Recently, machine learning techniques have gained traction in predicting depression. These approaches are well-suited to handling a large number of predictor variables (including multicollinearity among variables) and modeling complex relations such as interactions and other non-linear associations that traditional statistical methods might overlook (e.g., in ordinary least squares (OLS) regression if relevant interactions and non-linear relations are not explicitly specified). Prior studies using machine learning have shown promising results. For instance, a recent large study achieved area under the receiver operating characteristic curve (AUROC) values of 0.72–0.74 in identifying depression in 6,310 children and adolescents aged 4–17 [17]. However, while these studies incorporated several predictors, they typically collected data within one modality (e.g., all self-reports) anddid not combine multi-modal data from several relevant sources [18], for an exception see [19]. An important next step involves determining if combining measures of depression-relevant characteristics assessed from various modalities – such as conventional self-report questionnaires (e.g., assessing clinical, demographic, and personality characteristics), ecological momentary assessments (EMAs; e.g., affect dynamics in daily life), behavioral tasks (e.g., reward learning and cognitive control abilities), and neuroimaging (e.g., reward-related brain activation) – can enhance our ability to predict depression in adolescents.

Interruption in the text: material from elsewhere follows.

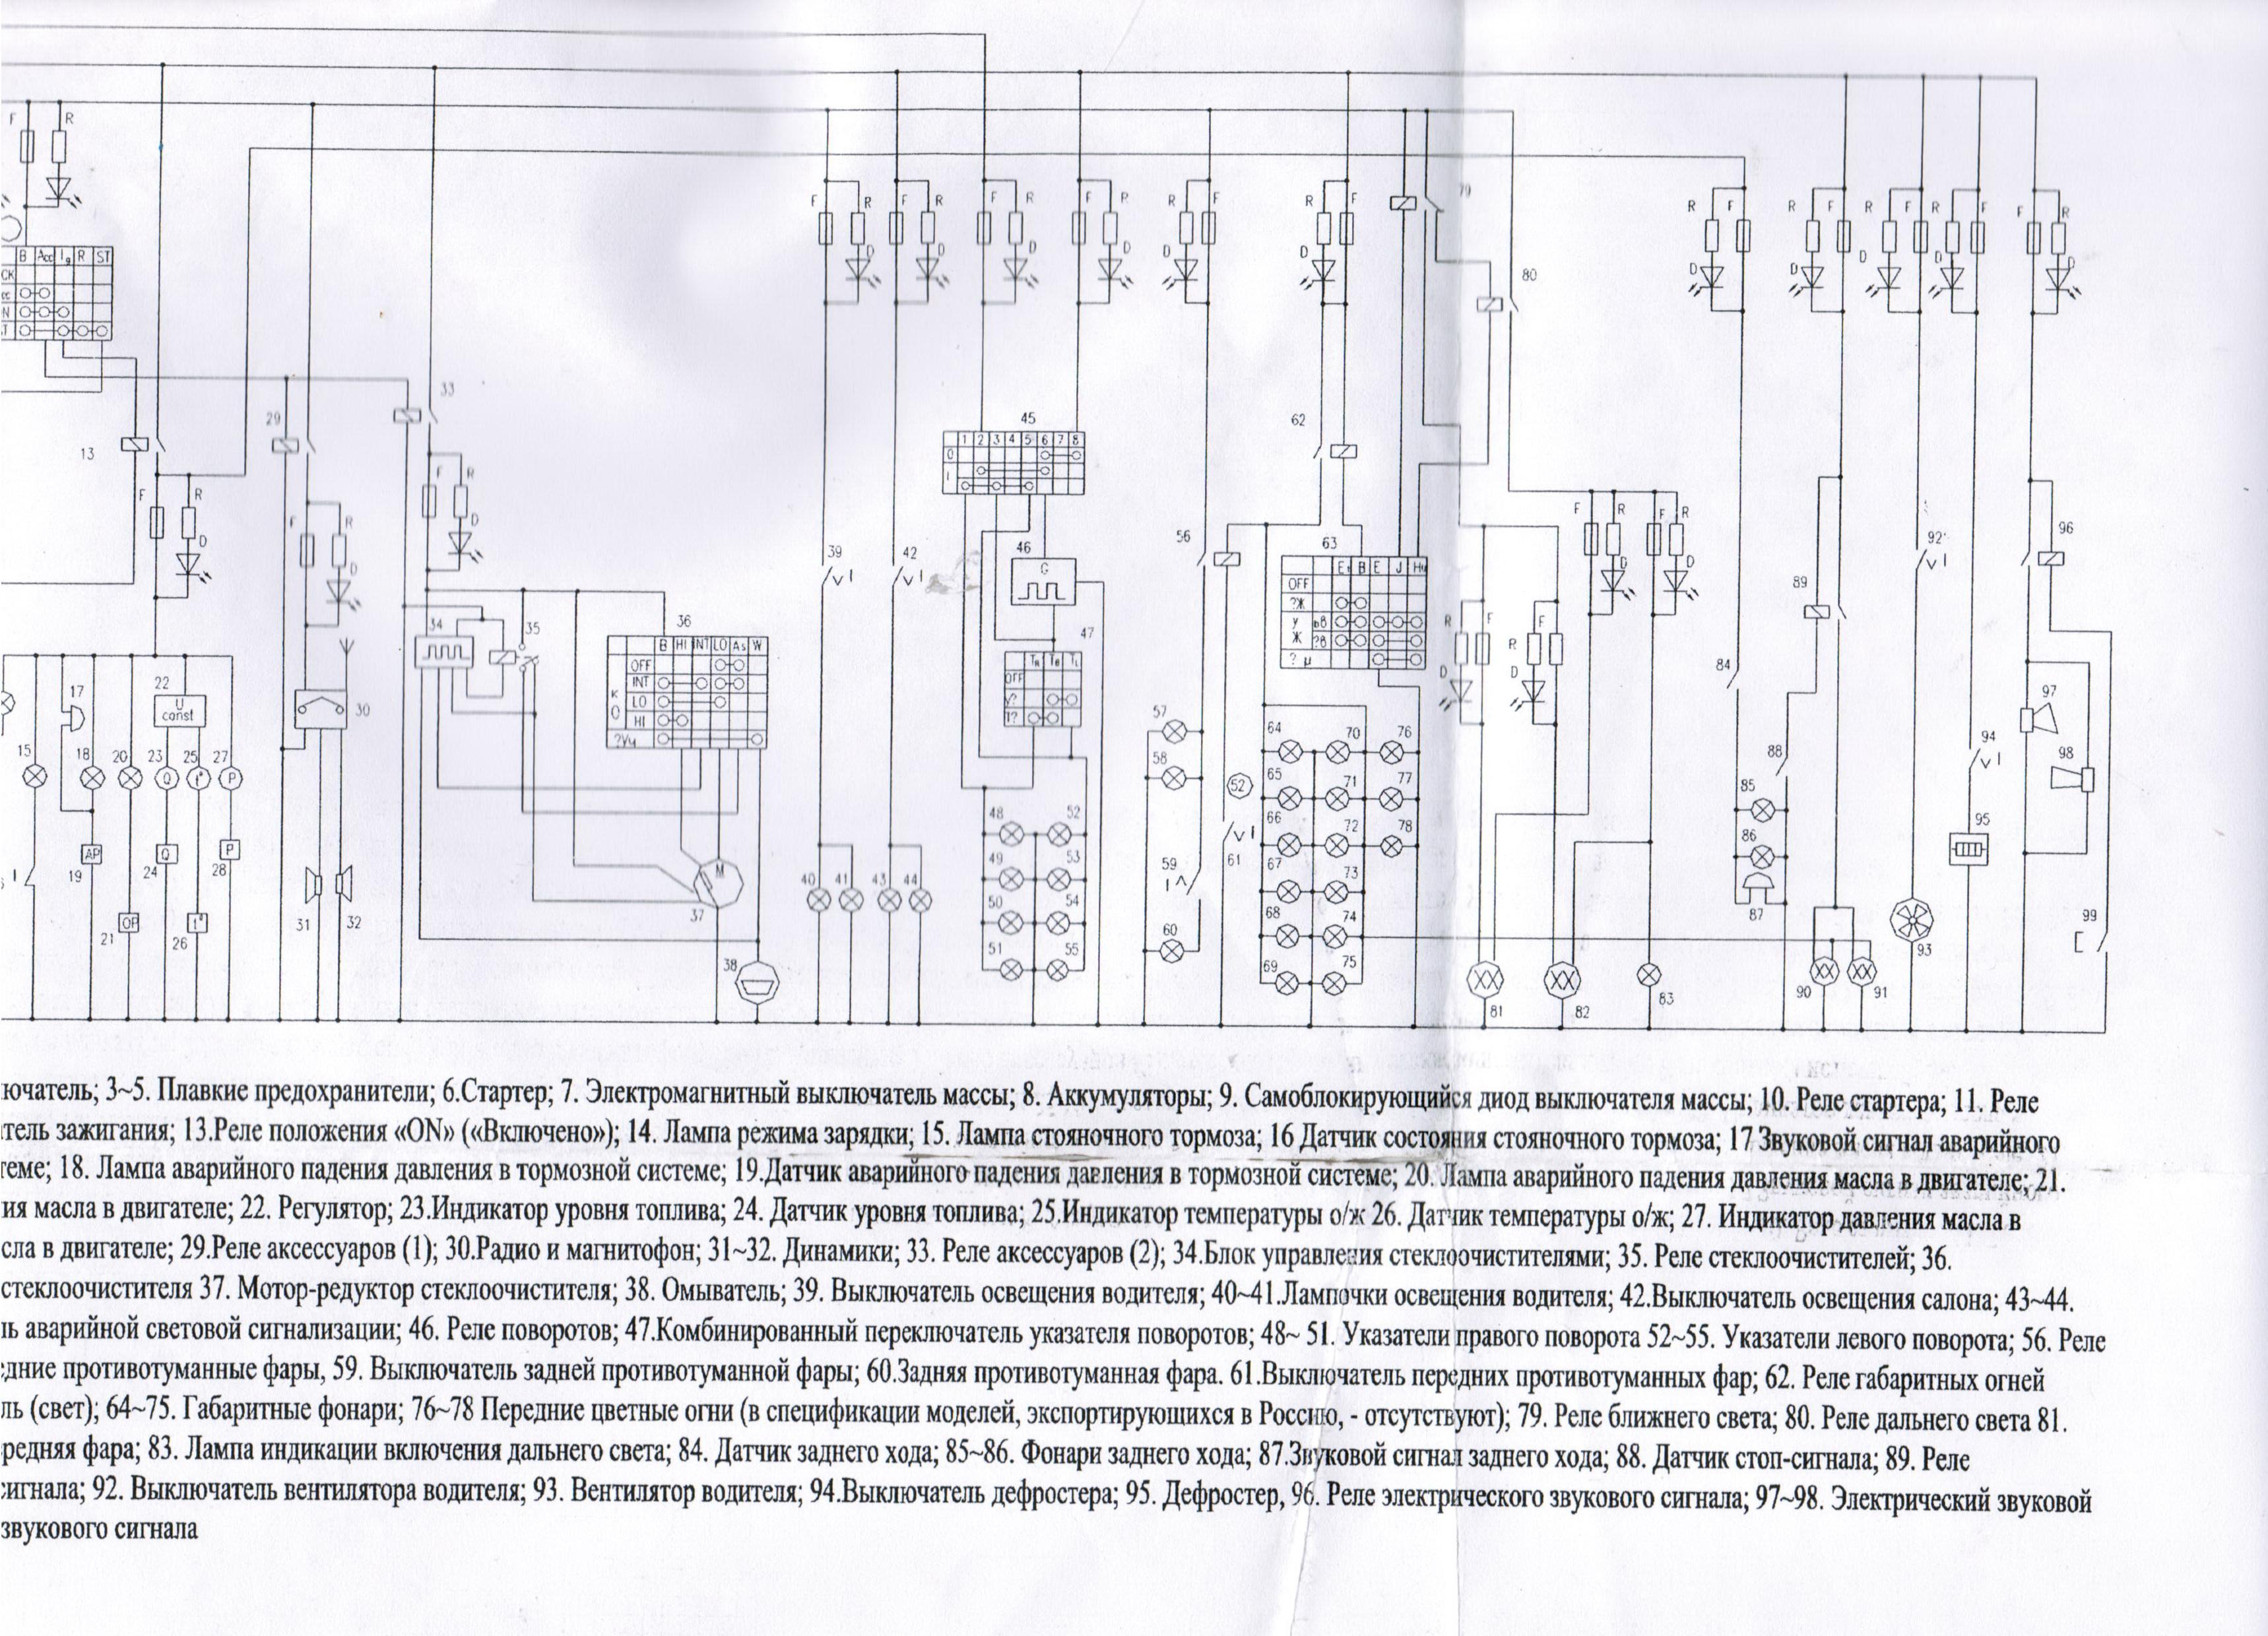 1997 chrysler concorde radio wiring diagram [ 3437 x 2480 Pixel ]

In addition, most recent studies employing machine learning to examine multiple predictors of depression tested associations with current depression. Longitudinal studies are required to study the predictive value of these factors for the onset of future depressive symptoms. One exception is a recent study that used machine learning to combine various modalities such as clinical data, cognitive assessments, environmental factors, and structural magnetic resonance imaging (MRI) to predict depression onset at a 2-year and 5-year follow-up [19]. The study used penalized logistic regression and found that baseline depressive symptoms, female sex, neuroticism, stressful life events, and the surface area of the supramarginal gyrus were the strongest predictors. The predictive model achieved an AUROC of 0.68–0.72. However, penalized logistic regression, while effective in handling multicollinearity and overfitting, does not account for complex interactions and nonlinear associations (unless they are explicitly modeled). Other algorithms, such as decision-tree based models (e.g., random forest) are well-designed to do so and may yield better predictive performance, highlighting the value of comparing a range of machine learning approaches.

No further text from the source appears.